Sarei molto interessato a leggere l'opinione di [MENTION=208]Morto che parla[/MENTION]


----------



## Splendidi Incisivi (21 Agosto 2013)

juventino ha scritto:


> Che squadra ridicola. Se le banche da 20 anni a questa parte non gli facessero un credito assurdo non vincerebbero la Champions dagli anni 60. La squadra straniera che forse detesto più di tutte.


Soldi come se piovesse e non fanno una finale di Champions da 10 anni


----------



## Morto che parla (21 Agosto 2013)

Livestrong ha scritto:


> Sarei molto interessato a leggere l'opinione di [MENTION=208]Morto che parla[/MENTION]



Riguardo quale aspetto specifico ?


----------



## Splendidi Incisivi (21 Agosto 2013)

Morto che parla ha scritto:


> Riguardo quale aspetto specifico ?


Sulle opulente elargizioni bancarie in favore del Real Madrid


----------



## Morto che parla (21 Agosto 2013)

Splendidi Incisivi ha scritto:


> Sulle opulente elargizioni bancarie in favore del Real Madrid



Non entro troppo nello specifico perché onestamente della normativa fiscale spagnola per i club di calcio mi interesso relativamente, mi basta la nostra.
Ciononostante, finché fatturano quel che fatturano e spendono di meno, per me possono fare quel che vogliono. L'uefa non può mica chiudere i canali bancari terzi (che comunque rivorranno indietro i soldi, non credo glieli regalino) o imporre una fiscalità tutta sua.


----------



## Livestrong (21 Agosto 2013)

Quindi stai ammettendo che il fpf per è come strutturato è una porcheria?


----------



## Fabry_cekko (21 Agosto 2013)

Sesfips ha scritto:


> Si ma quest'anno in particolare.
> Dopo aver speso millemila milioni di euro in acquisti quest'anno non possono assolutamente fallire, minimo la finale devono raggiungere.
> Per non parlare poi del fatto che hanno una squadra che dire fenomenale, è dire poco. (e un allenatore bravissimo aggiungerei)

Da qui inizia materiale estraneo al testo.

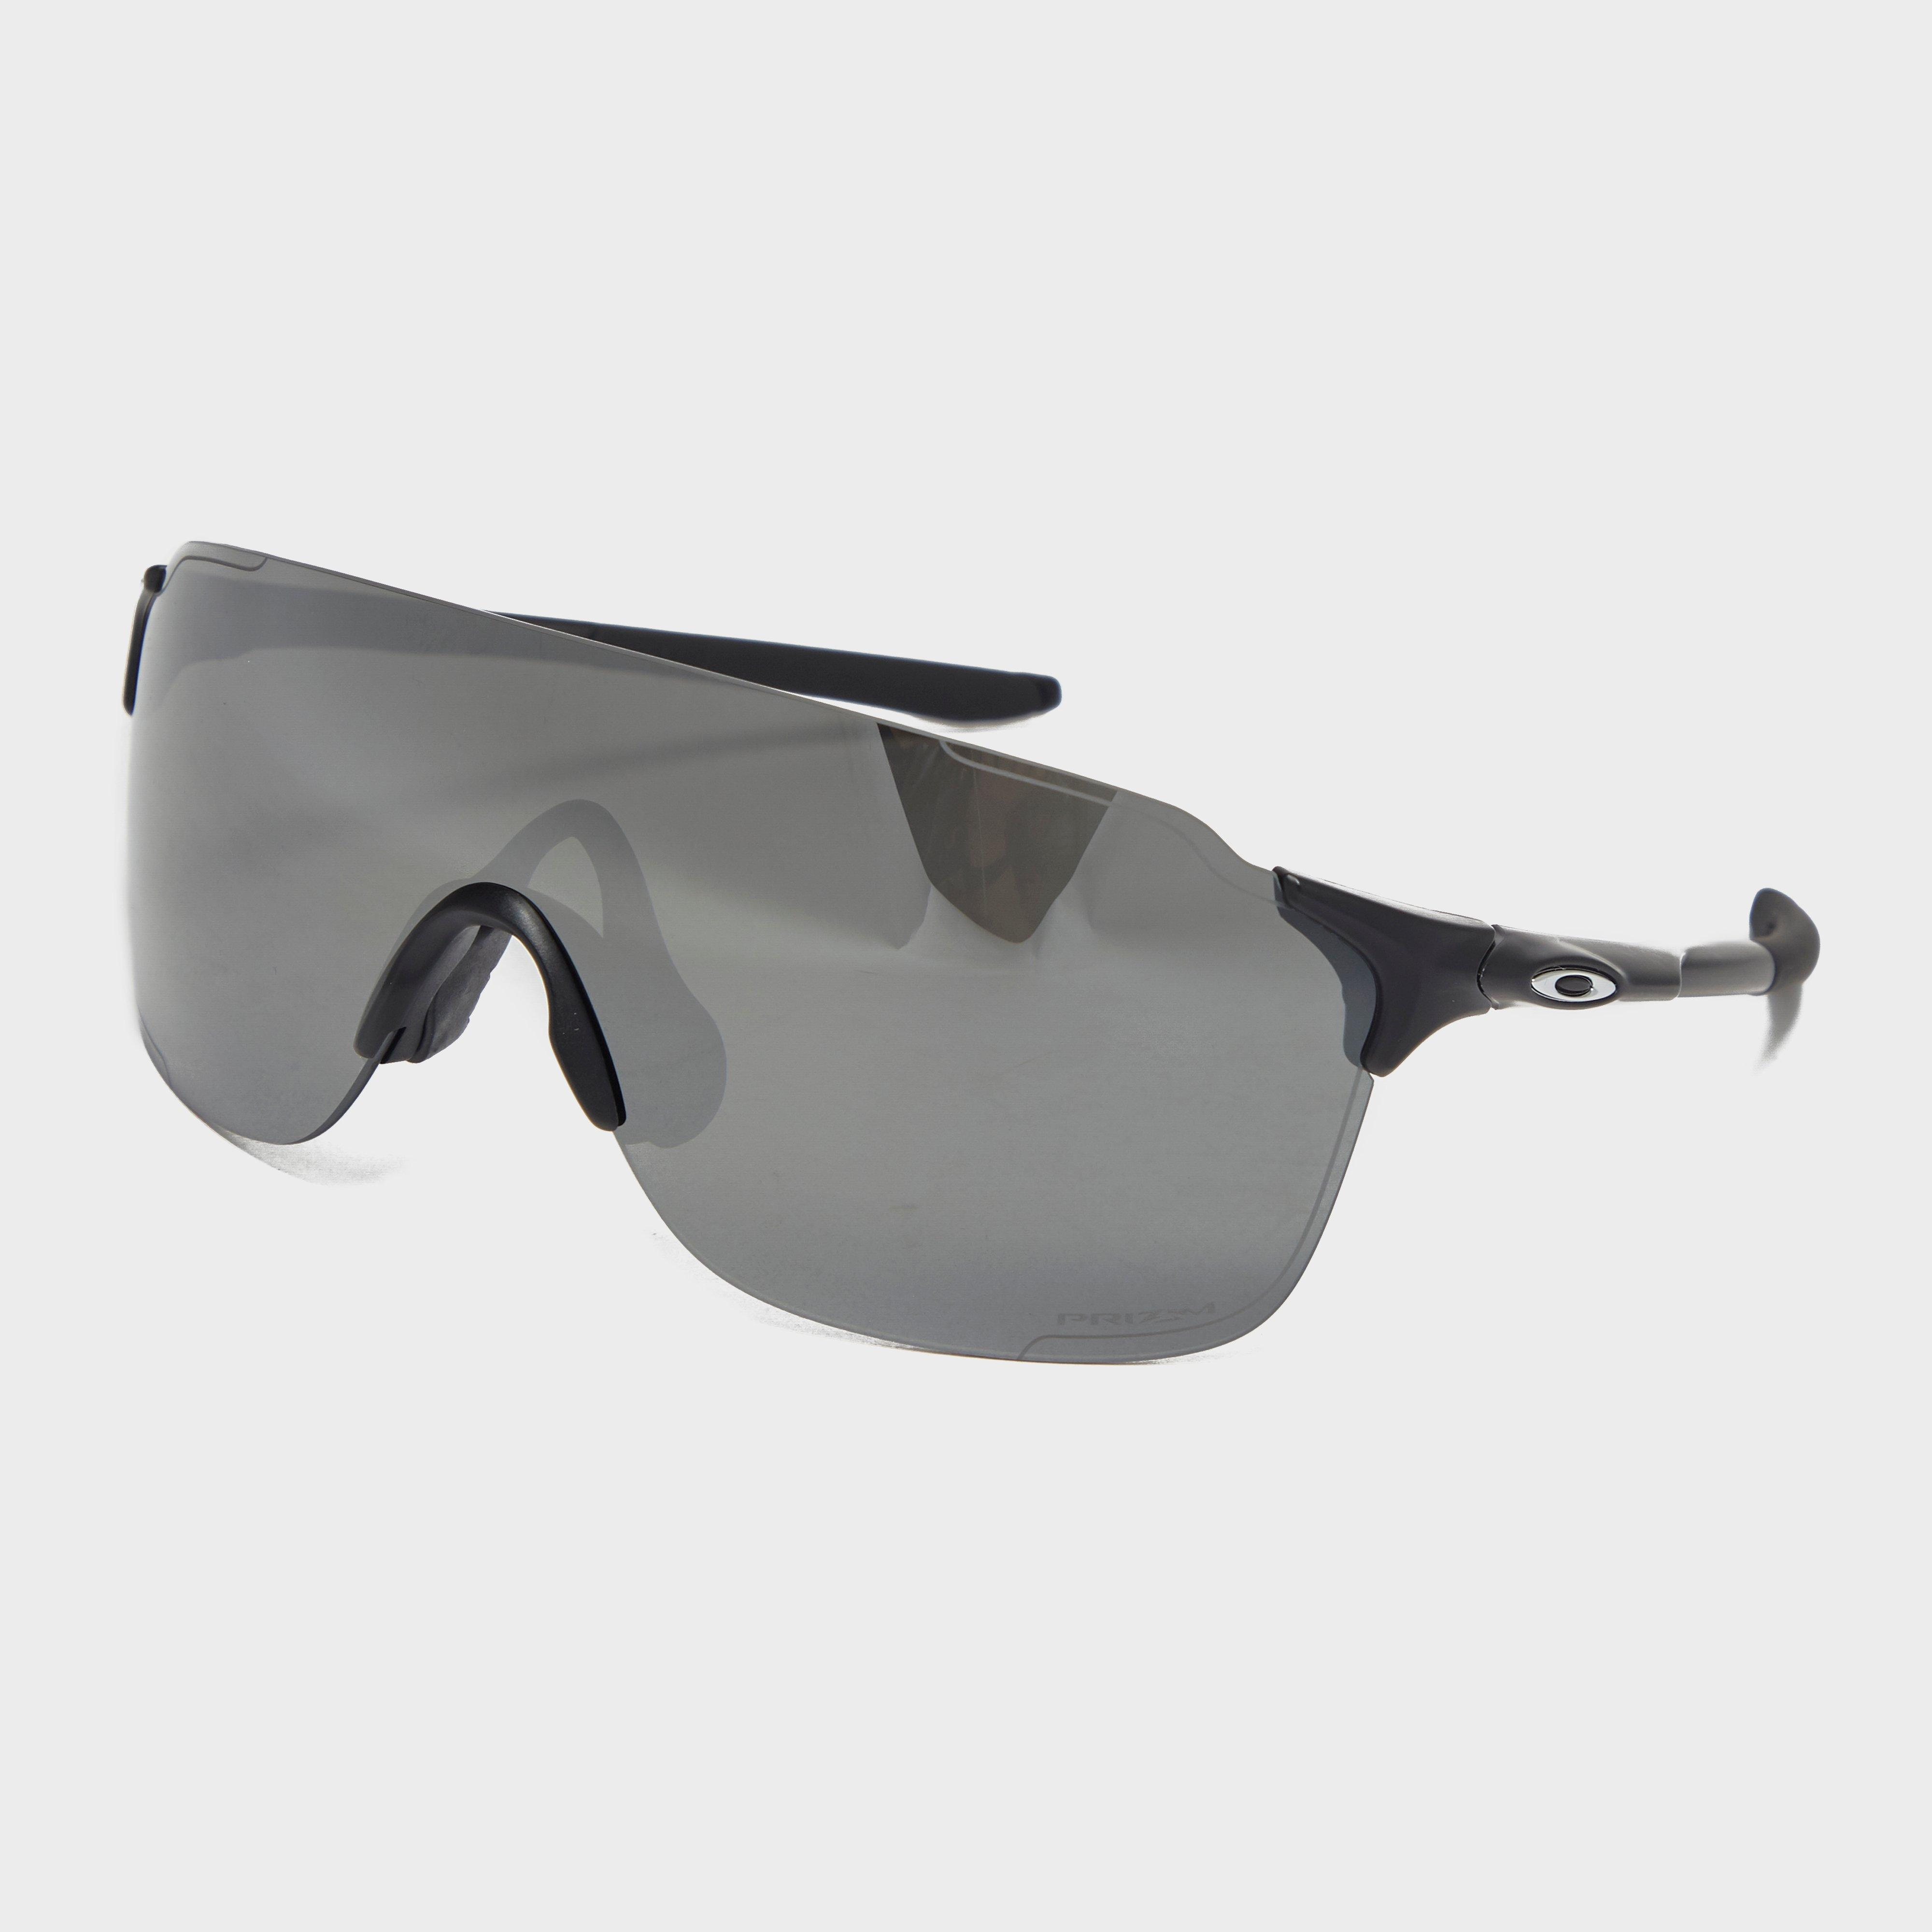 Oakley Oakley EVZero Blades Sunglasses - Multi, Multi
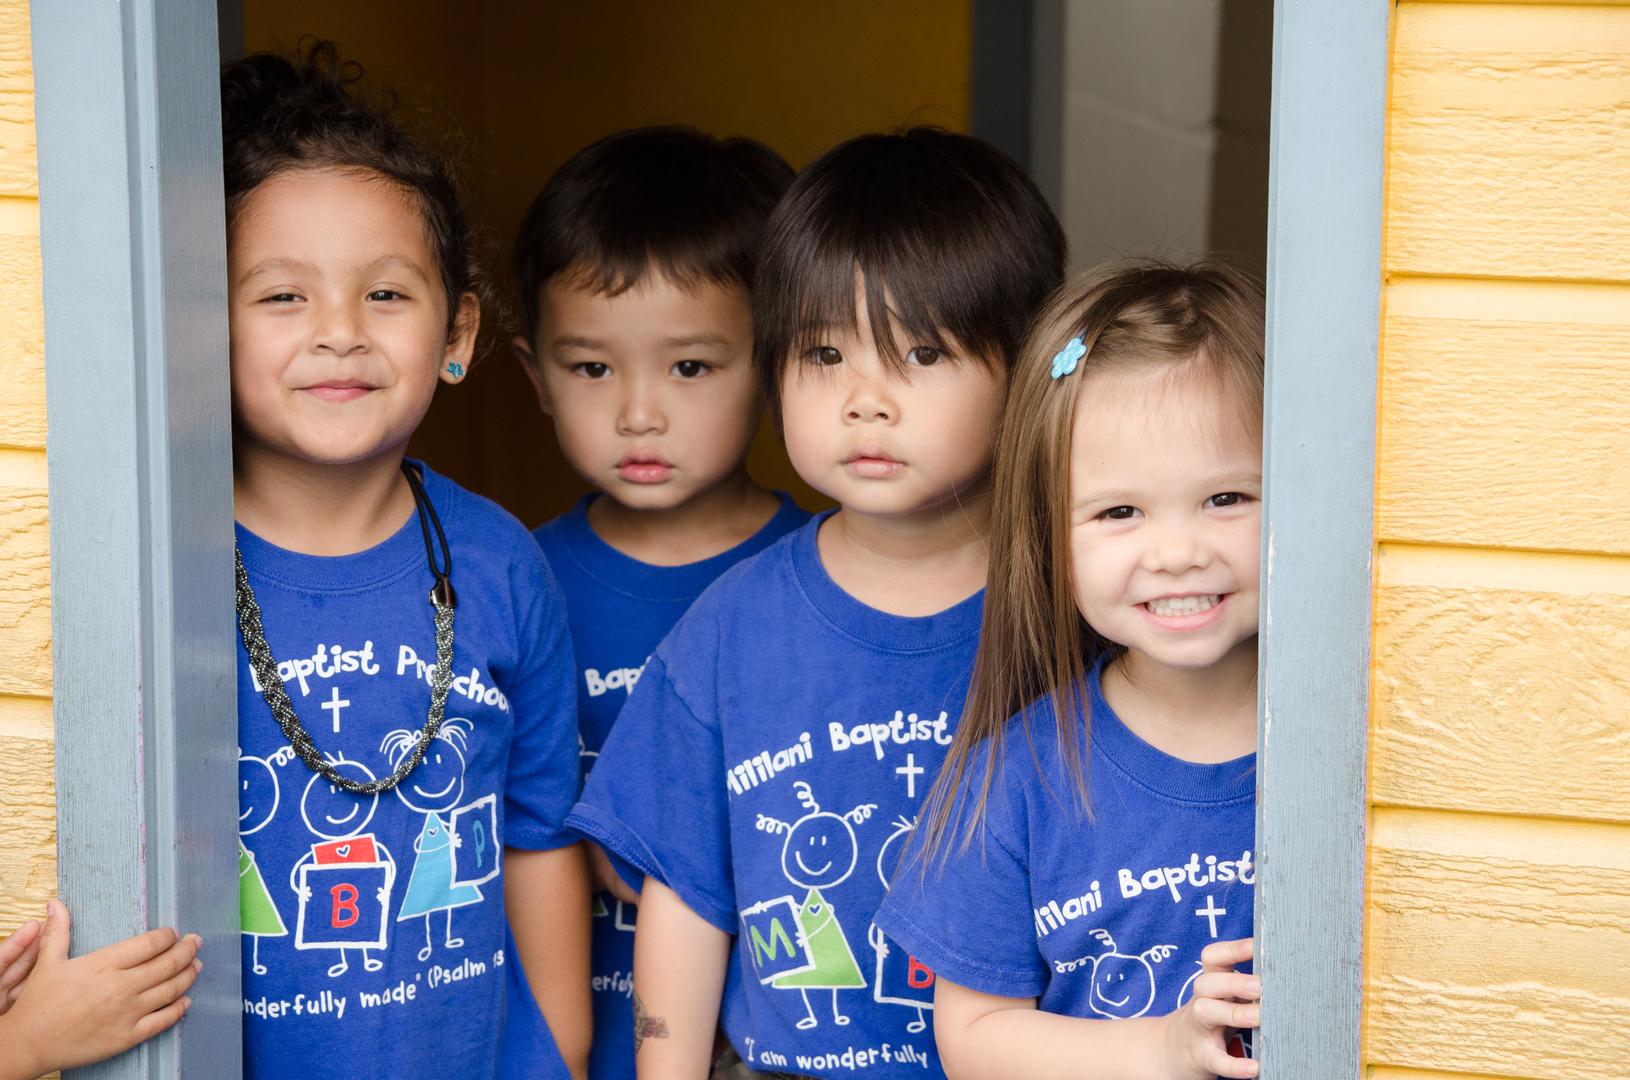 Mililani Baptist Preschool
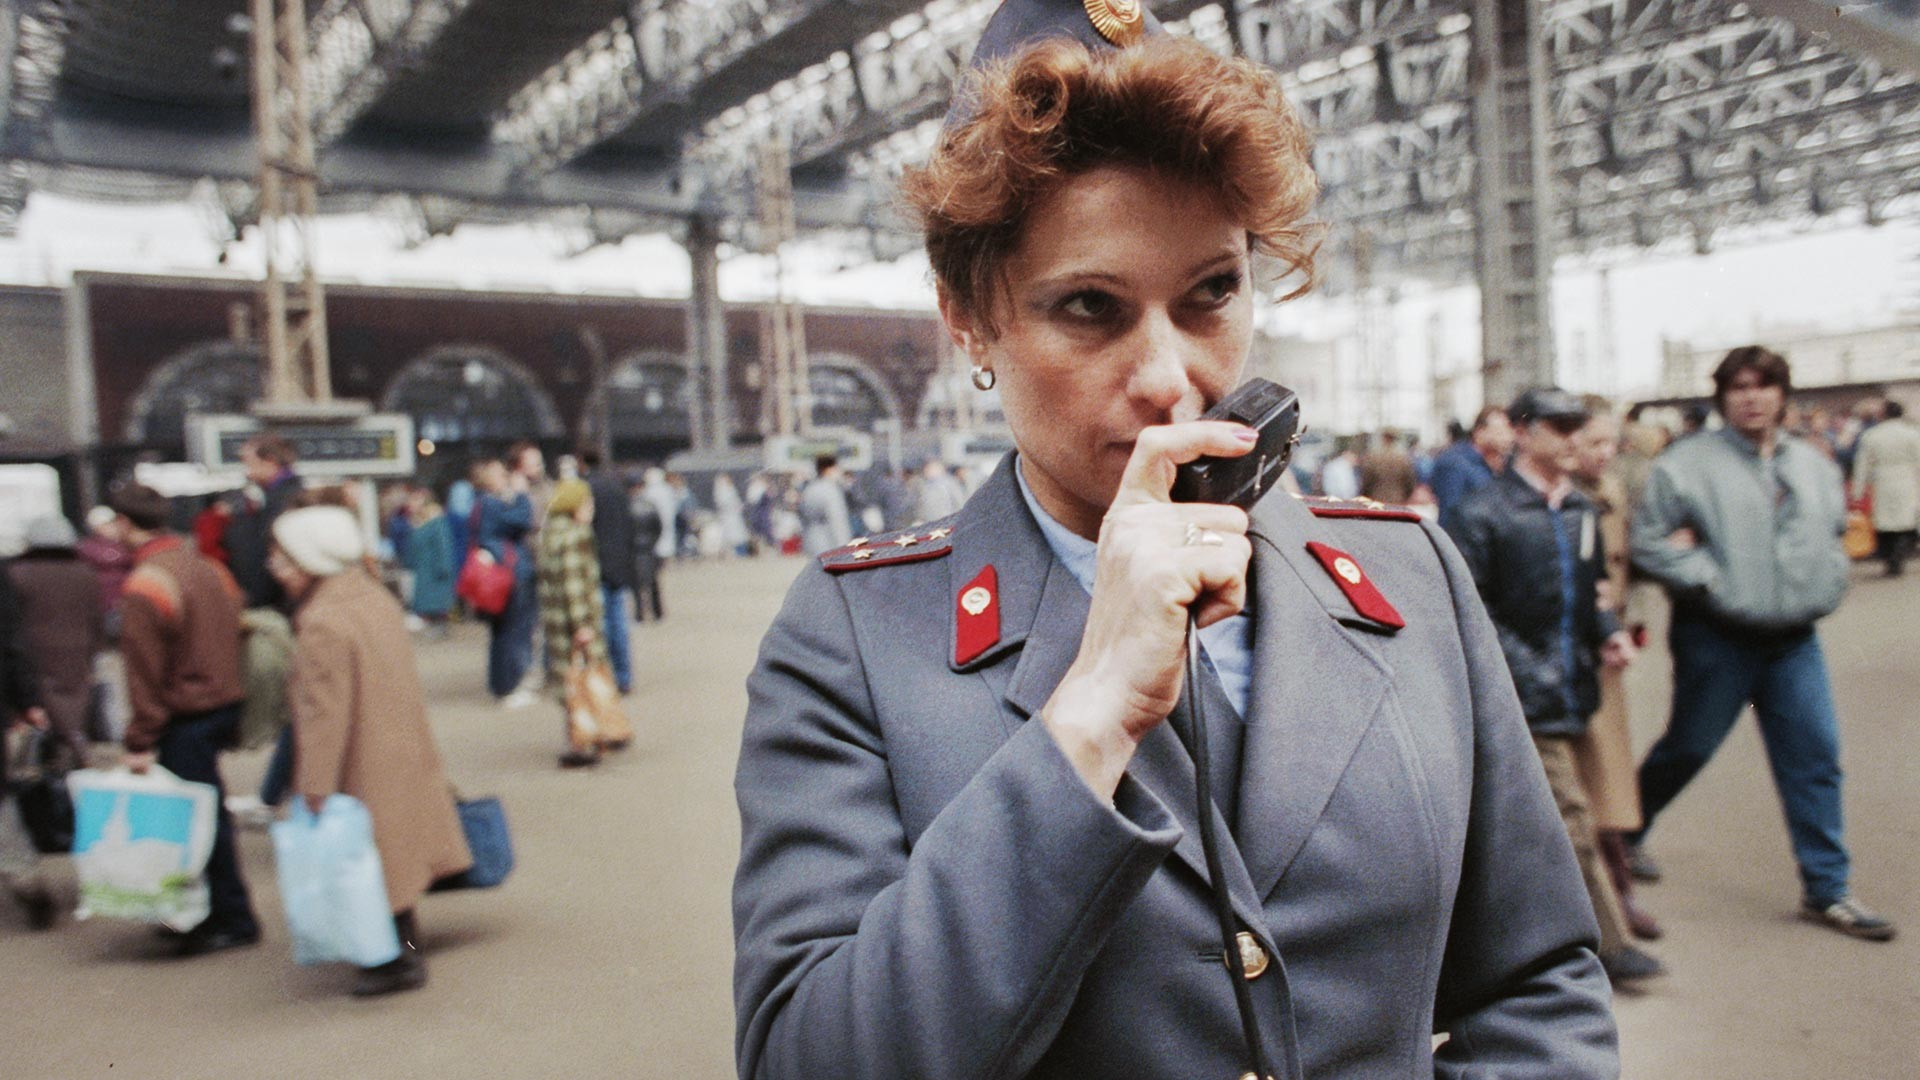 Stanica milicije pored Kazanjske željezničke stanice u Moskvi.

per me è uguale...nel 2003 erano i più forti e hanno perso contro la Juve in Semifinale (dopo aver vinto l'andata a Madrid), nel 2009-2010 avevano speso 200 milioni e sono usciti agli ottavi...poi 3 anni di Mourinho e sono usciti sempre alle semifinali


----------



## Fabry_cekko (21 Agosto 2013)

juventino ha scritto:


> Che squadra ridicola. Se le banche da 20 anni a questa parte non gli facessero un credito assurdo non vincerebbero la Champions dagli anni 60. La squadra straniera che forse detesto più di tutte.



la cosa che odio è che Ronaldo e Kakà li abbiamo pagati noi...cmq finchè fatturano più di 500 milioni all'anno possiamo lamentarci poco...le Banche spagnole restano cmq una cosa vergognosa
la cosa più triste è che i stadi mi sembrano sempre pieni a Madrid e a Barcellona...confermate?


----------



## Jino (21 Agosto 2013)

Nessuno c'ha creduto quand'era mezzo rotto ed in vendita, manco loro ci credevano. Rispetto ad allora lo vendono ad oltre 10 volte tanto. Il caso a volte.....


----------



## esjie (21 Agosto 2013)

Ma son pazzi??? Per Bale eh ragazzi...cioè stiamo parlando di Bale, mica di Messi. Scusate ma cos'ha dimostrato Bale? Ok non seguo la premier e ultimamente poco anche il calcio in generale, ma ditemi cos'ha dimostrato? Ok, è bravo, forte, veloce ma è l'uomo che cambia le carte in tavola? Per caso il Tottenham ha vinto gli ultimi 3 campionati grazie ai gol di Bale? Ha fatto 50 gol in un anno? Sta trascinando il Galles ai mondiali?


----------



## gabuz (21 Agosto 2013)

109 milioni lo trovo leggermente esagerato


----------



## Brontolo (21 Agosto 2013)

esjie ha scritto:


> Ma son pazzi??? Per Bale eh ragazzi...cioè stiamo parlando di Bale, mica di Messi. Scusate ma cos'ha dimostrato Bale? Ok non seguo la premier e ultimamente poco anche il calcio in generale, ma ditemi cos'ha dimostrato? Ok, è bravo, forte, veloce ma è l'uomo che cambia le carte in tavola? Per caso il Tottenham ha vinto gli ultimi 3 campionati grazie ai gol di Bale? Ha fatto 50 gol in un anno? Sta trascinando il Galles ai mondiali?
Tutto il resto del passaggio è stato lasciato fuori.